So this month is all about gratitude and being grateful... I believe that it's because of the US holiday of Thanksgiving, why this is the theme? However, I'm a huge fan of Muggle holidays and Thanksgiving - so I'm happy with this one.
Anyway rambling a bit, back to the task at hand. I couldn't really settle on something until Nox and I had a discussion and then, finally, I settled on why I'm grateful for books. This is something I have never really thought about before but this has given me the opportunity to think about that.
Why am I grateful for books?
Books, to me, are a way of escaping the world we live in and are a way of being transported to another world where the only thing on my mind are the problems and emotions of the characters involved in the story. Nothing really matters except the world that I have been sucked into. It's like being transported to another world where, in a sense, I become a witness to what is happening. Sucked into the plot and losing all sense of reality and any problems that may have been plaguing me.
The great thing about books is that there are so many different books out there... endless worlds that I could be entrapped within! Whilst I do tend to stick to the same books, even though I say I'm going to try new books, they feel almost as much of a home as Hogwarts and Malfoy Manor do. Its that warm and comforting feeling of returning to a world that I know almost as well as the world I live in. That feeling brings comfort to me.
I love being able to pick up a book and be carried off to different places and doing so many different things. I can pick up The Hobbit by J.R.R. Tolkien and I'm off to kill a dragon with Bilbo Baggins and the Dwarven Company. The Lord of the Rings, also by Professor Tolkien, I'm crossing Middle Earth to destroy a ring and save Middle Earth from Sauron's wrath. In the His Dark Materials series by Philip Pullman, I follow Lyra - who will change the world as she knows it. Or I even enter a magical world with different children in The Chronicles of Narnia by C.S. Lewis. Returning to these worlds over and over still gives me the same magic that I had the first time I read them.
Books are a way in which I use to cope with things. Sometimes life gets too hard and I can't think clearly, so I pick up a book and get lost within it for a while. This allows me to calm down and clear my head so that I am able to figure out how to solve my problems. You see, books can often be seen as a doorway to another world. Even books set in the world we live in can seem so different from the world as we know it. Every book can have some sort of magic, proper magic like in Harry Potter or some sort of magic that a person has inside of them that they do not know they have.
Books can also give possible solutions to our own problems that we do not know or have even thought about. The problems faced by characters can often be problems that we face every day. Authors sometimes take their own problems, insert them into novels and then figure out a way to solve them all at the same time. In some way, authors are magicians in their own rights. To be able to transport someone into another world just by using words is a very magical and amazing thing to do. I hope to become an author one day and allow my books to have the same effect.
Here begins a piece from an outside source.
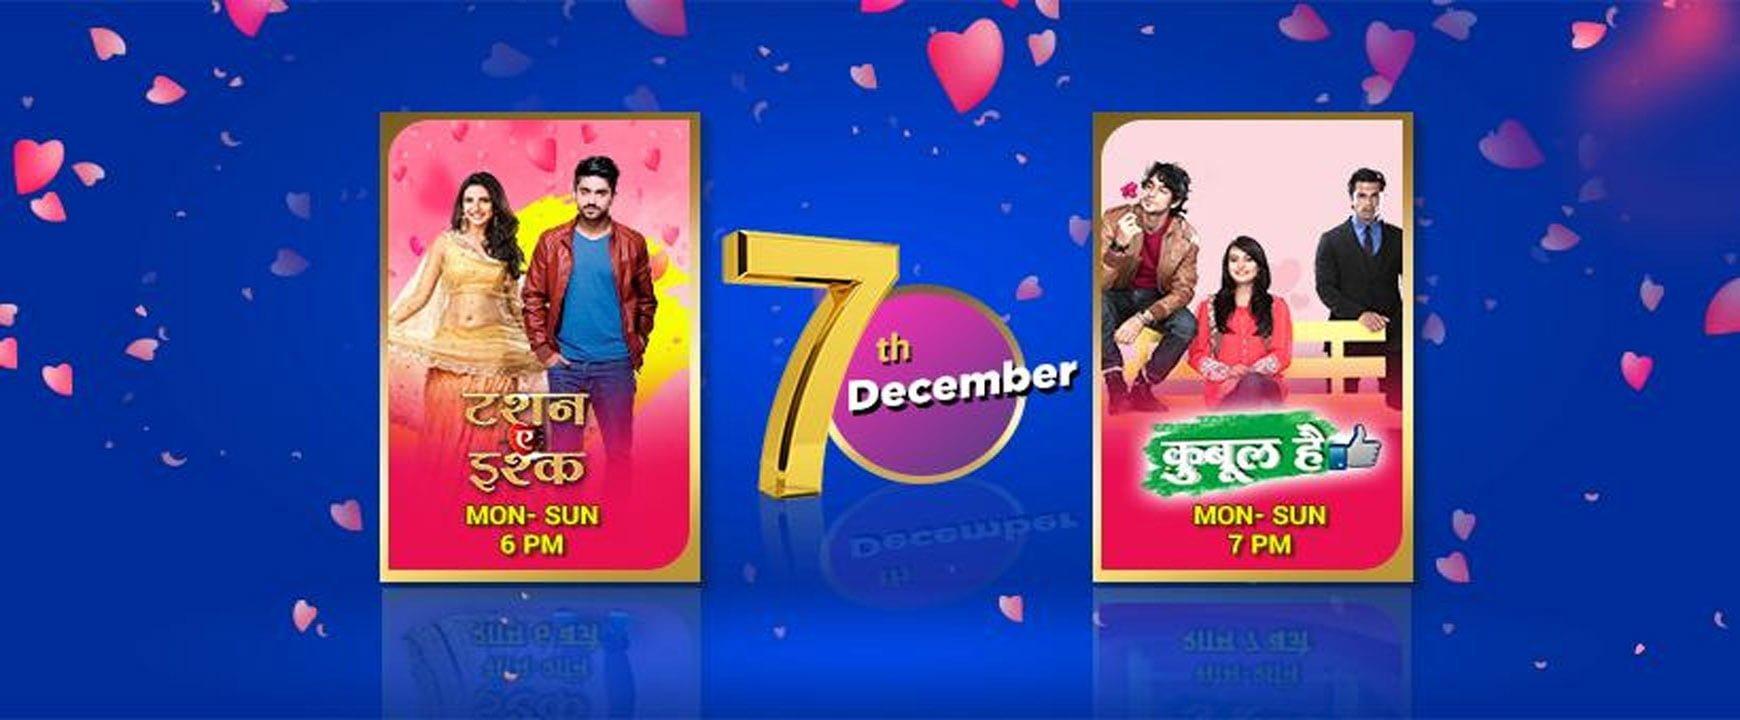 Big Ganga December Shows

Some authors, such as Professor Tolkien and Mr. Lewis, have even gone into so much detail and created timelines and complex histories for their novels. I find that can also help immerse me in their worlds. Though, sometimes just reading a novel can often transport me into another world. However, the more understanding I have of their world, the more I can get fully lost in the world that the author is trying to transport me to. Picking up a book often helps in times of need and when things are rough. Sometimes I just want to be transported to another world and get lost in it because I have the time. I really do need to read more, I know I do but I have to be able to concentrate on the word that I am entering. There isn't much point picking up a book to read if I cannot get lost in the book. To me, it just feels like I am reading empty words. I want to be able to see the world I am in, feel the characters emotions. Sometimes I really do just want to feel someone else's emotions... even if they are similar to mine because everyone reacts differently to the same emotions and that is something we all know.
When I was younger and read the books, I never appreciated just what an impact that books could have on a person... Well, on me. It was only when I hit the latter half of my teenage years that I began to realize just how much books can do. They no longer were a pile of paper made up of just words: they became words with meaning, with messages, and that doorway to another world that I have told you about. Books are magical and I wish that I'd discovered that sooner because being able to read books is something that we should never take for granted. Without books we wouldn't have had some of the great classics that have spanned for generations. Some books can be a way of understanding the times our relatives grew up in. The Malory Towers books by Enid Blyton is a series that I love to read, and they were first published between 1946 and 1951 (I should add, however, that six more books were published in 2009 written by Pamela Cox), but this meant that my grandmothers and my mother would have read them too. Books aren't just a way of escaping to a whole new world, but sometimes they also connect us to the older generation. Who we seem to struggle connecting with at times.
And that is why I am so grateful to have books. Thank you to the authors who have put so much time into writing their books so people like me can escape and get lost in new worlds or return to places that feel like home.